第13話 <修行編>2作目は、裁判のアニメを作ってみた

 次に作ったのは、裁判のアニメだった。


 なぜ、そんなものを作ったかというと、たまたま私が見慣れていたものだったからだ。私は、「裁判傍聴記」の連載を何年か書いていたことがあった。裁判所には百回以上行ったことがあるし、裁判の手順も見慣れていた。


 そこで、その知識をいかして、子ども向けの教育アニメのようなものを作ることにしてみたのだった。Eテレでよく放映されているようなイメージの動画だ。


 裁判といえば、『逆転裁判』が有名だけど、あれはゲームだし、実際の裁判とはずいぶん違っている。私は、実際の「裁判員裁判」を何度もみていたから、本物と同じような内容なら、シナリオなどがなくても作れるだろう。


 そこで、裁判所の法廷をつくり、4頭身ほどのシンプルなキャラクターをいくつも作って、短いアニメーションを作ることにした。

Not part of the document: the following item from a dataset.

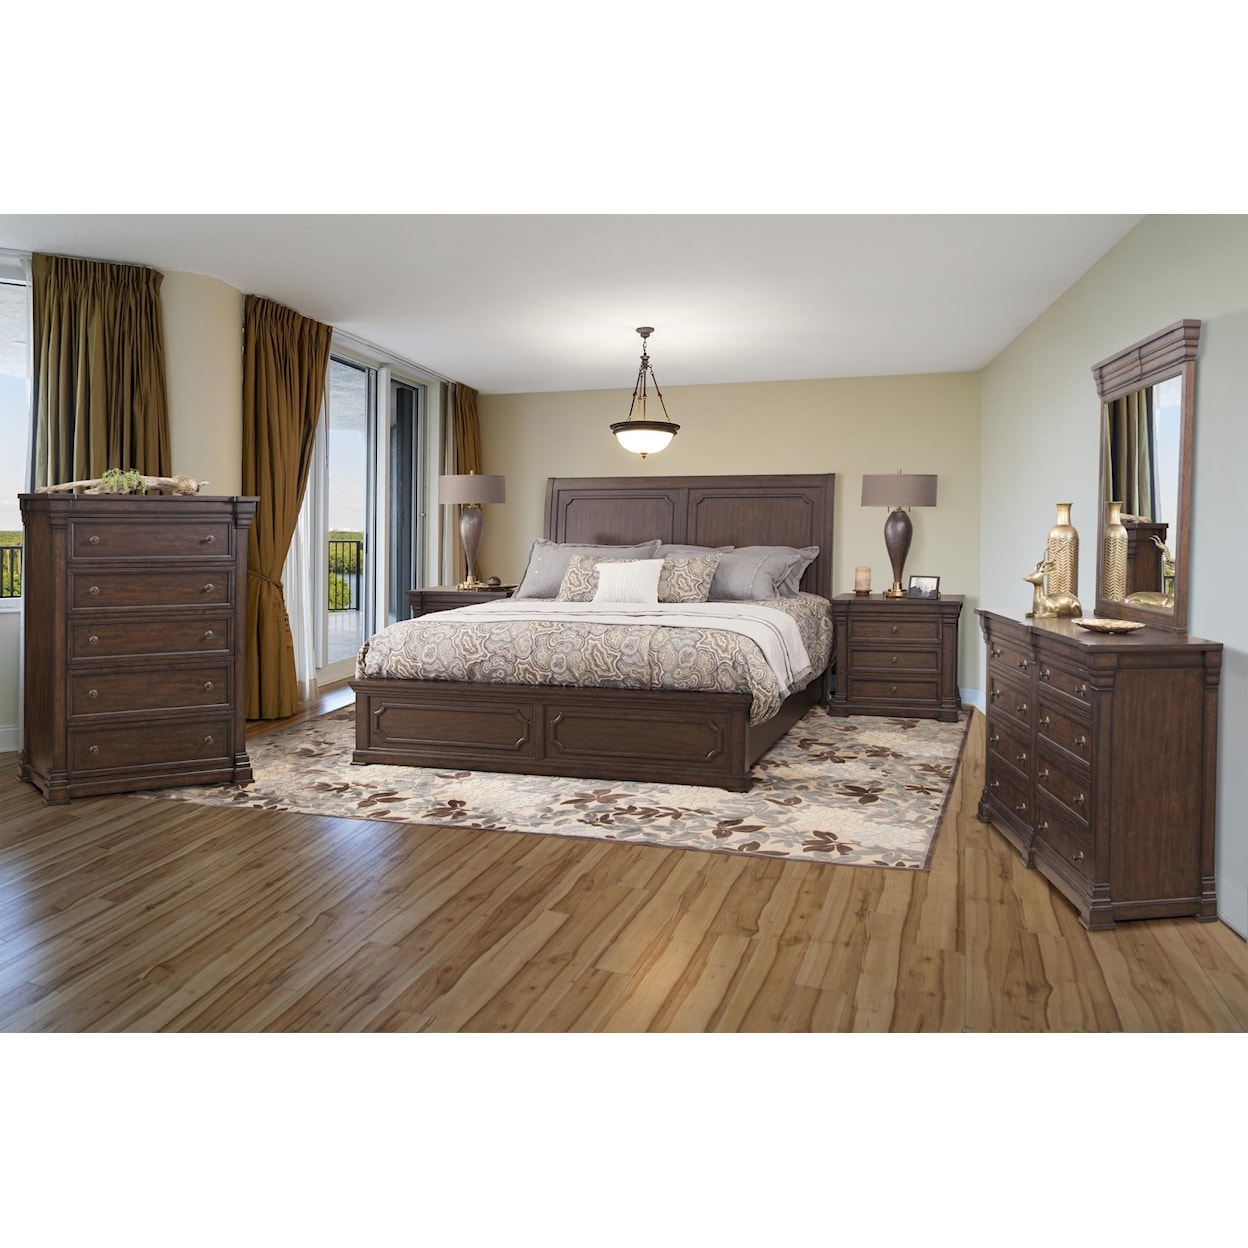 American Woodcrafters Kestrel Hills 7pc Queen Bedroom Group

 「裁判員裁判」には、たくさんのキャラクターが必要だ。

 裁判官3人、裁判員6人、補充裁判員2人、書記官1人、弁護士2人、検察官2人、被告人1人……。


 「裁判長は、やっぱ、中年くらいの男性がいいかな。残りの2人の裁判官は、どうしよう。30代くらいの女性と20代くらいの男性の2人とかでいいかなあ。

 あとは検察官2人か。わりと女性の検察官も多いから、女性をメインにして、あと一人は若い男性の検察官にしておこう。弁護士は、年配の男性と若い女性のペアで、やっぱ、書記官は女性がいいかな。じゃあ、被告人は中年の男性にしておこう。傍聴席にも何人か座らせないと……」


 たくさんのキャラクターを用意するのは大変だったが、それぞれ別の個性をつけたキャラクターだから、わりと楽しかった。顔や体格も違うし、年齢や性別も違う。そんなキャラクターを何人もつくっていった。


 CGアニメなので、CGで法廷のセットをつくり、そこにCGのキャラクターを置いて、それからライトを配置して、カメラの位置を決め、撮影をしていくわけである。


 裁判長に口の動きをつけたり、被告人を証言台まで歩かせたり、検察官に起訴状の朗読をさせたり。そんなに派手なアクションはないのだが、カメラを動かして、アップにしたり、カメラアングルを工夫してみると、それなりに面白い映像になった。どのみち、わずか数十秒のアニメーションだが、映像編集ソフト(Premier Pro)をつかって、エフェクトや字幕もつけてみた。


 それから映像を、ノートパソコンで知り合いの弁護士たちにも見てもらった。

 教室以外で、自分の作品を見てもらう機会は初めてだった。


「まだこれっぽちしか、出来てないんですけど」 

「へえ、裁判? これって、法廷も全部、作ったの?」

「ええ。これを見て、もし気づいたところがあったら、教えてください。間違っていたら、修正しますから」

「ふーん。人数も合ってるし、とくに変なところはないけど……。裁判員の年齢や性別も色々で、個性的なところはいいね。そういや、法廷の壁の色はもう少し白っぽい方がいいかな。それから弁護士が2人ともバッチをつけてない」

「弁護士バッチ? あ、そっか。そういや検察官もバッチをつけてないや」


 コツコツ作品を作ることも大事だが、人から意見を聞くことも大事だな。ヘタな作品でも、誰かに見てもらった方が早くうまくなる。


 そろそろ他のプロの人たちとも話をしてみたいなあ。


 そう思っていた頃、東京ビックサイトで3日間『CG展』が開かれることを知った。

 業界向けの展示会だから、いろんな企業の出展もあるし、セミナーもたくさんある。これならCG業界の最先端の話が聞けるに違いない。


 これは、ぜひ行かねば。


 訓練を3日休むことになるけど、夜行バスで行って、ハッカー息子のマンションに泊まらせてもらえば、そんなに費用はかからないだろう……。